→ **Task to complete**: Although the data below contains pictures, output only the lines between those holding "So sánh bộ ba máy" and "uhomepro Upholstered Platform", inclusive, exactly and without those pictures.

→ **Information provided**:
*-*-*

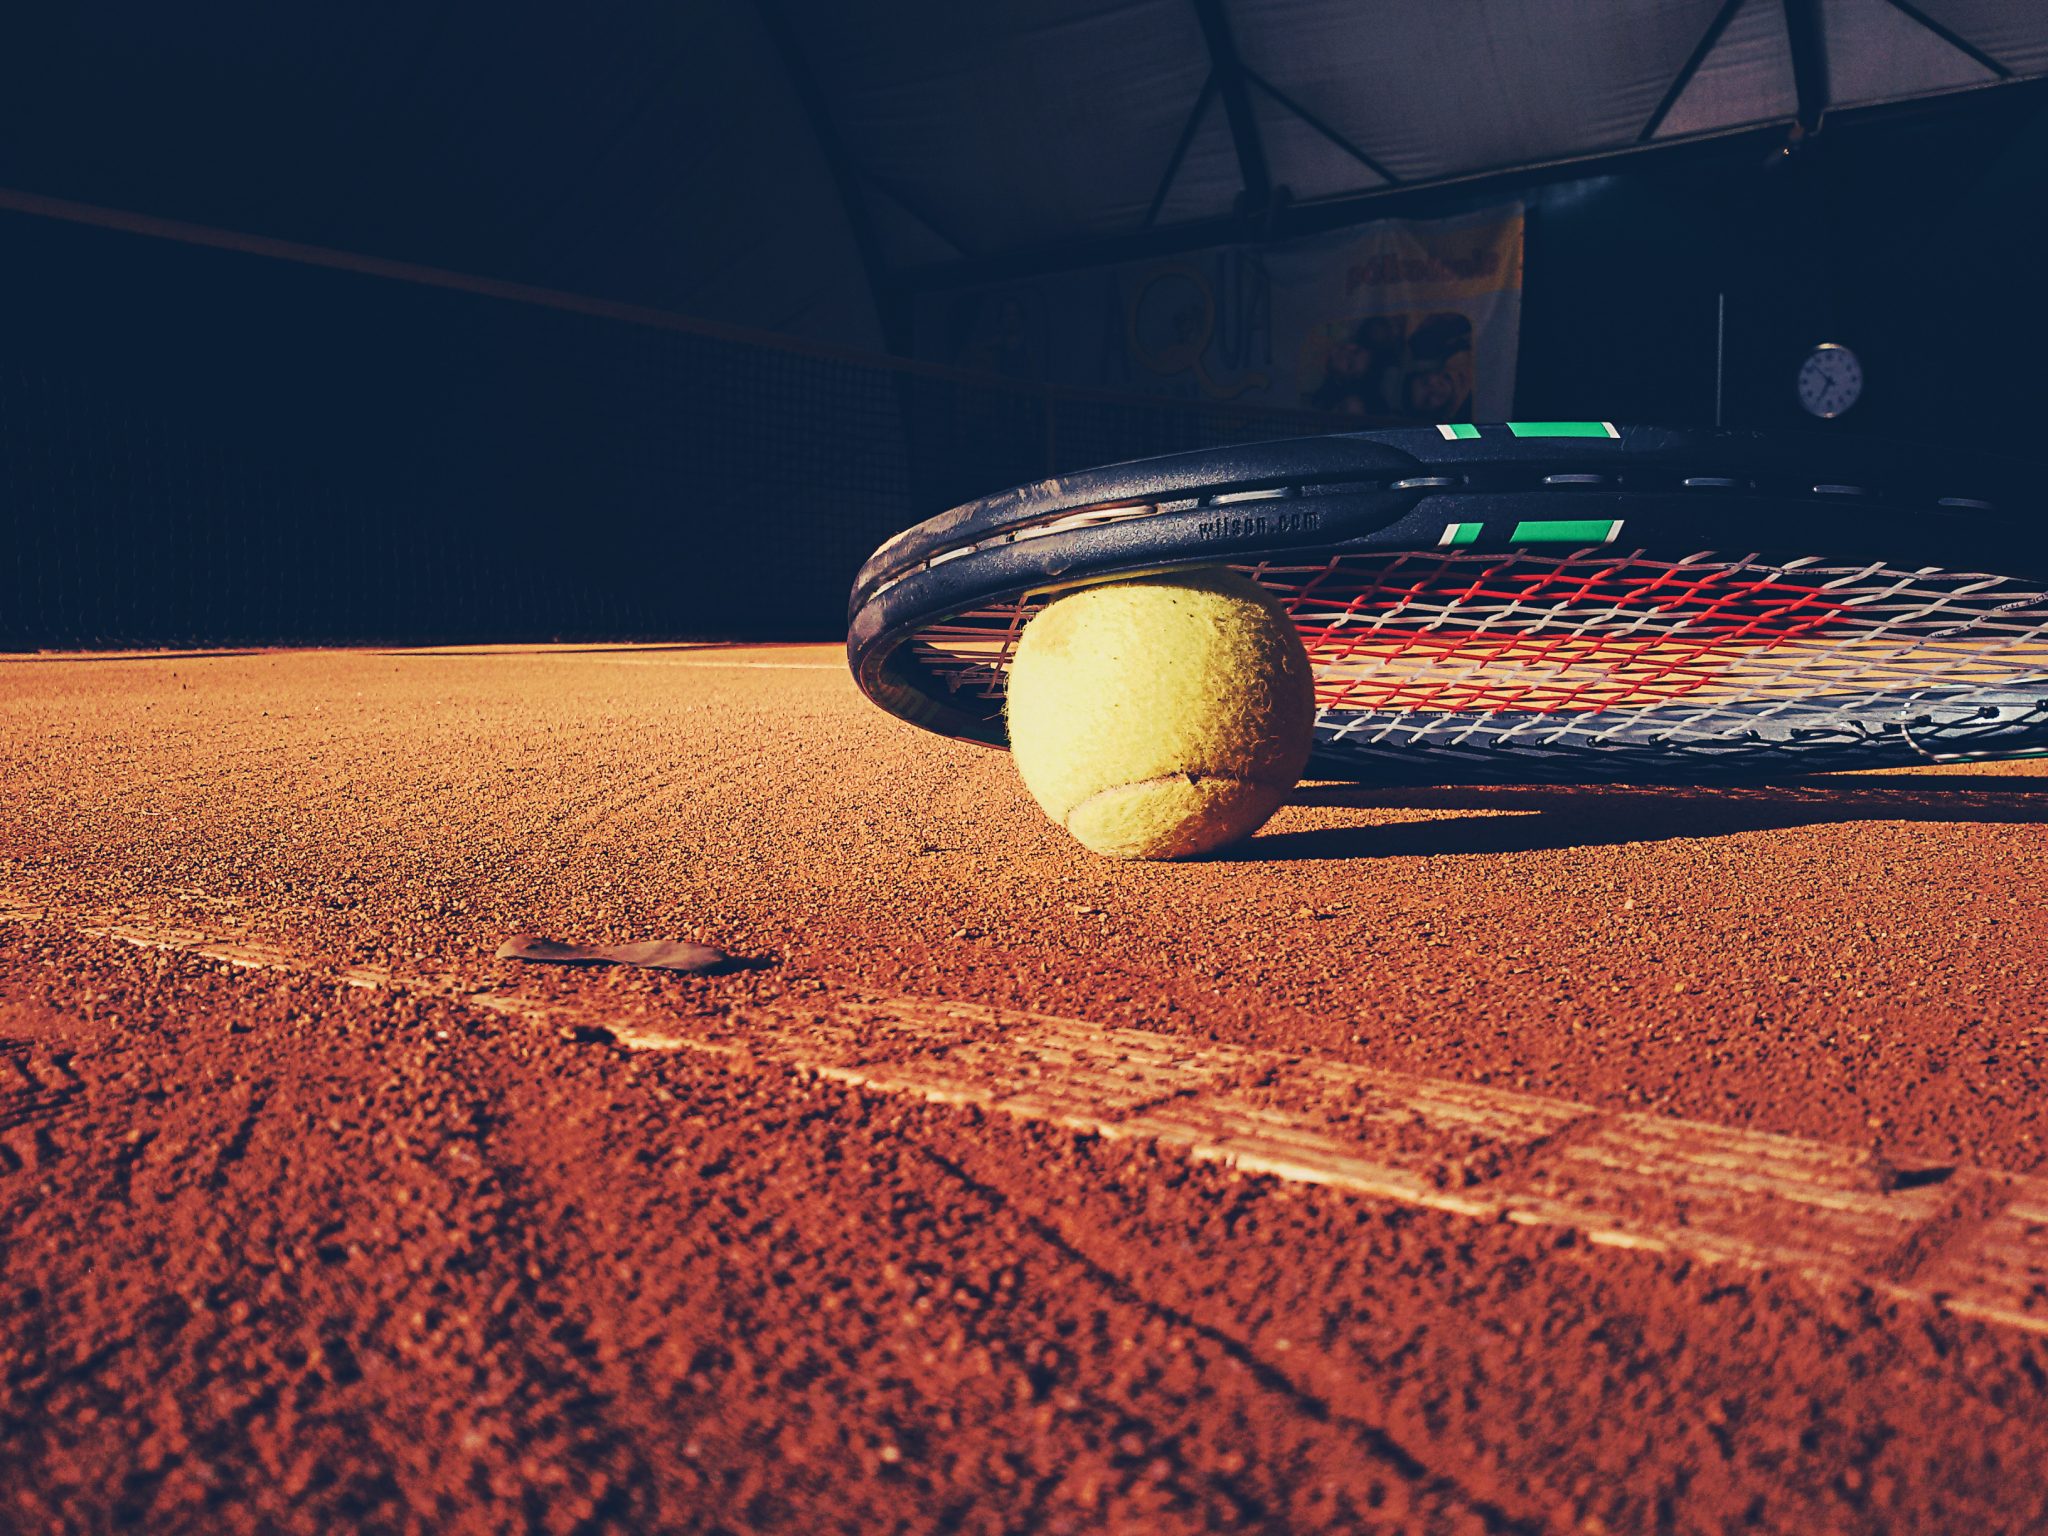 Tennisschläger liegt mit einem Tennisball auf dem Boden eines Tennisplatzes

*-*-*

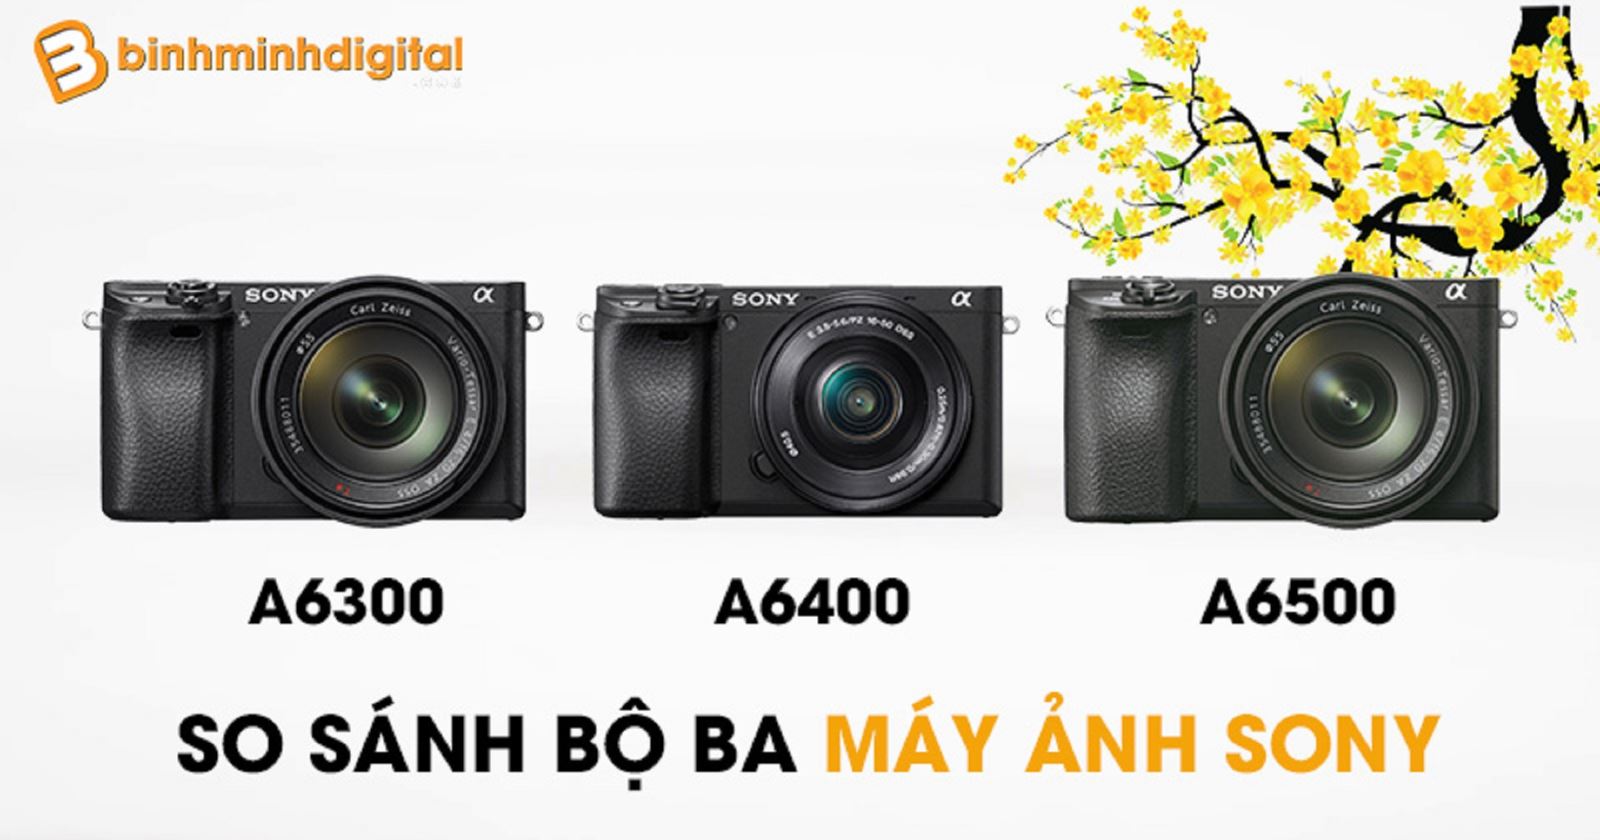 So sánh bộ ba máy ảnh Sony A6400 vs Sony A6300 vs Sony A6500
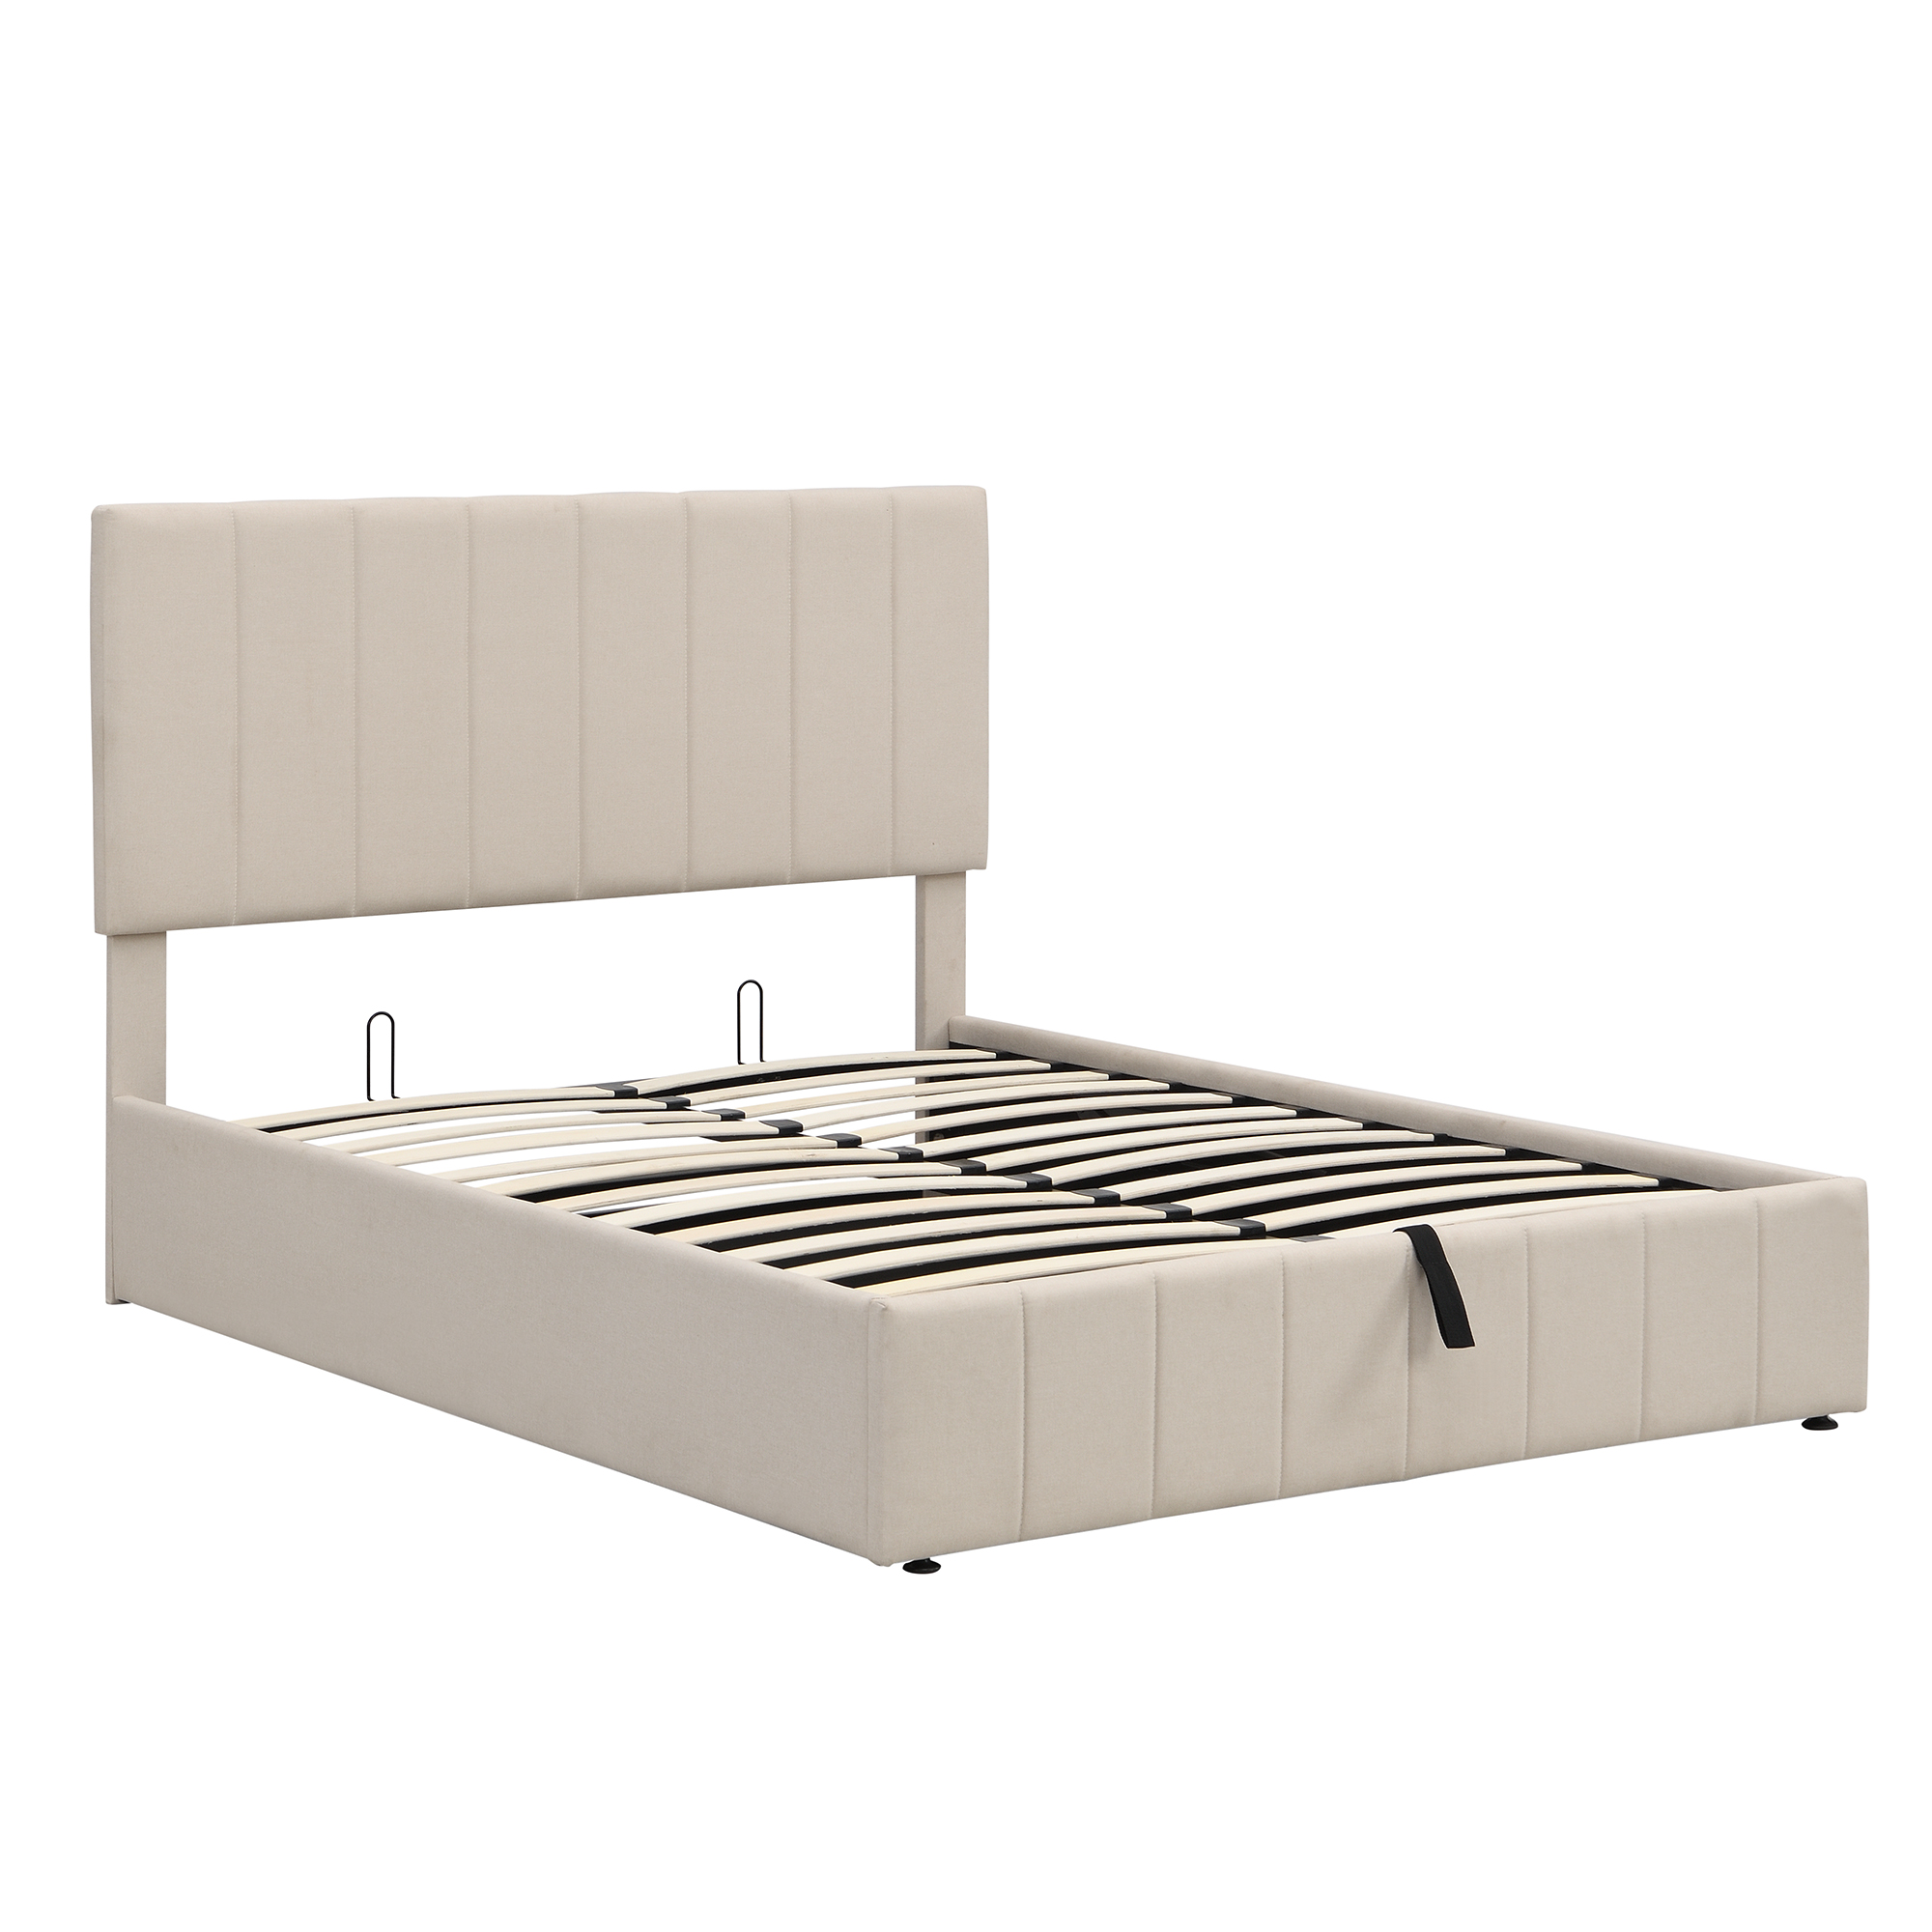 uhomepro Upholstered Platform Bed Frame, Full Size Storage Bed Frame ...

*-*-*

→ **Final answer**:
 So sánh bộ ba máy ảnh Sony A6400 vs Sony A6300 vs Sony A6500
 uhomepro Upholstered Platform Bed Frame, Full Size Storage Bed Frame ...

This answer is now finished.